DATA BLOCK ->

◇ ◇ ◇ ◇ ◇

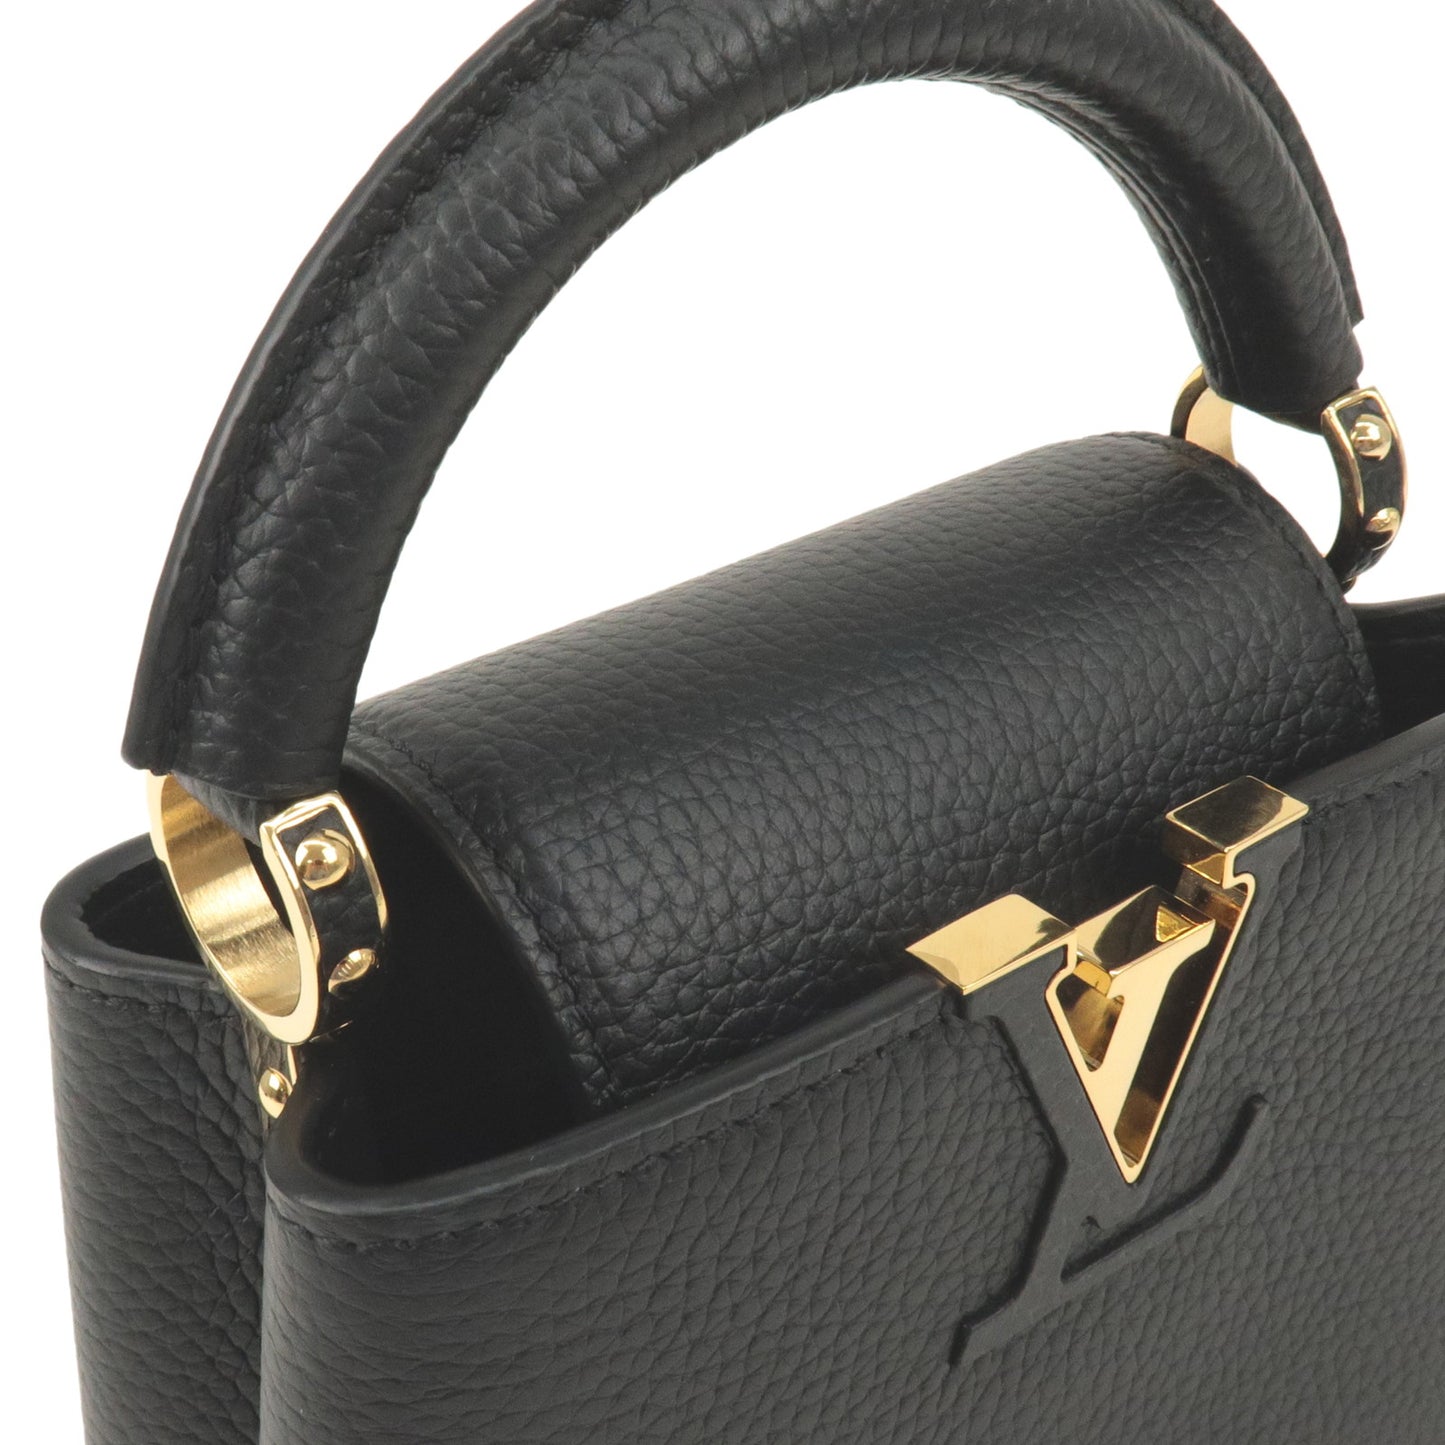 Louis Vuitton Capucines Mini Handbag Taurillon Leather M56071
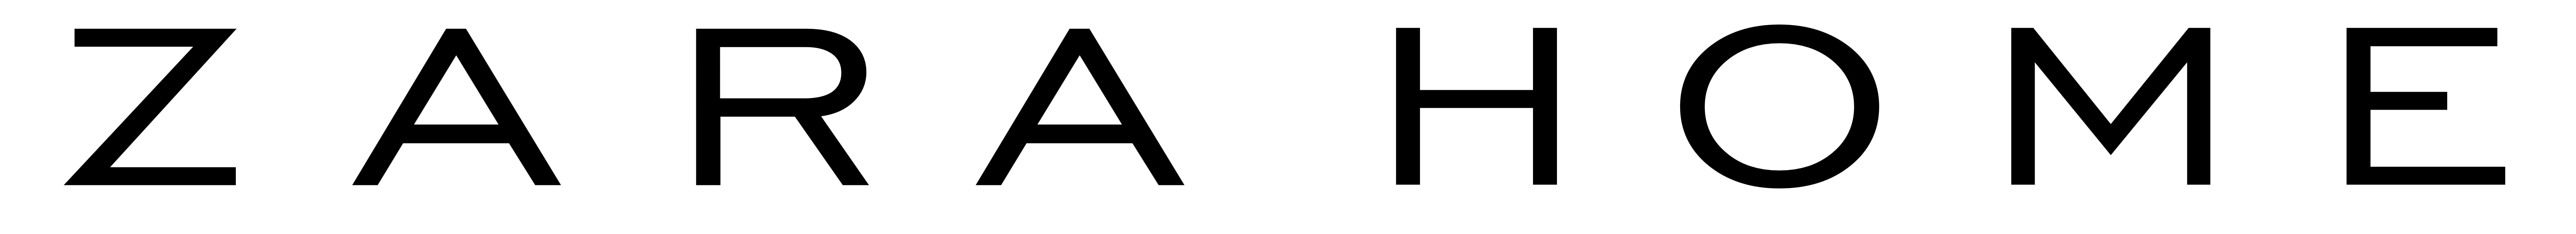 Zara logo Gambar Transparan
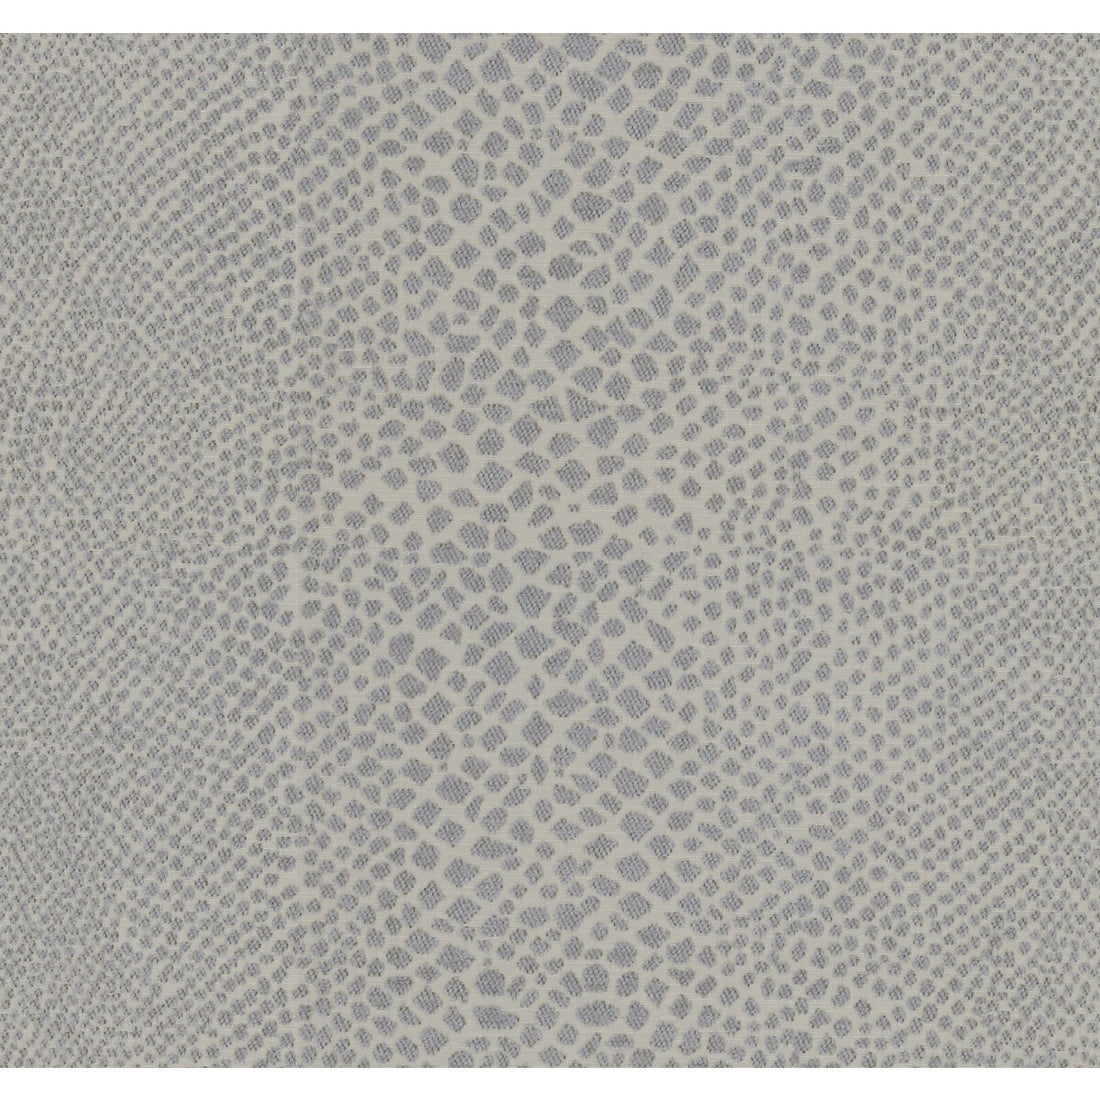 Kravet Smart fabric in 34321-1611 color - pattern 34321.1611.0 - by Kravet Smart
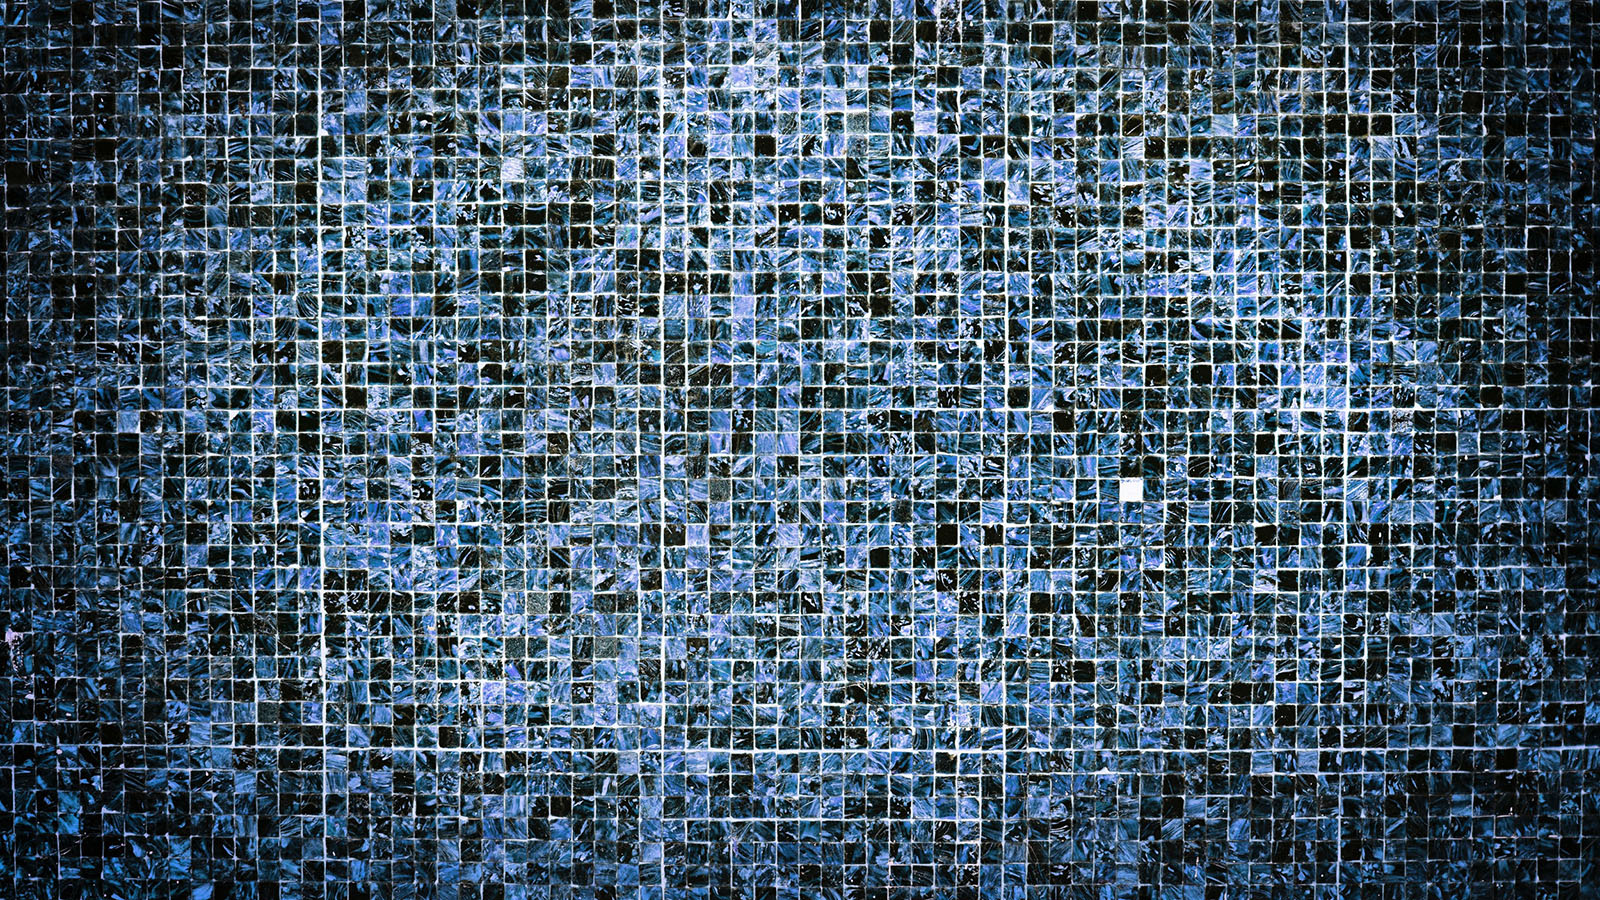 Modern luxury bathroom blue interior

◇ ◇ ◇ ◇ ◇

AIM OF THE EXERCISE ->
Give back the listing exactly, without a single picture.

RESPONSE ->
 Louis Vuitton Capucines Mini Handbag Taurillon Leather M56071
 Zara logo Gambar Transparan
 Kravet Smart fabric in 34321-1611 color - pattern 34321.1611.0 - by Kravet Smart
 Modern luxury bathroom blue interior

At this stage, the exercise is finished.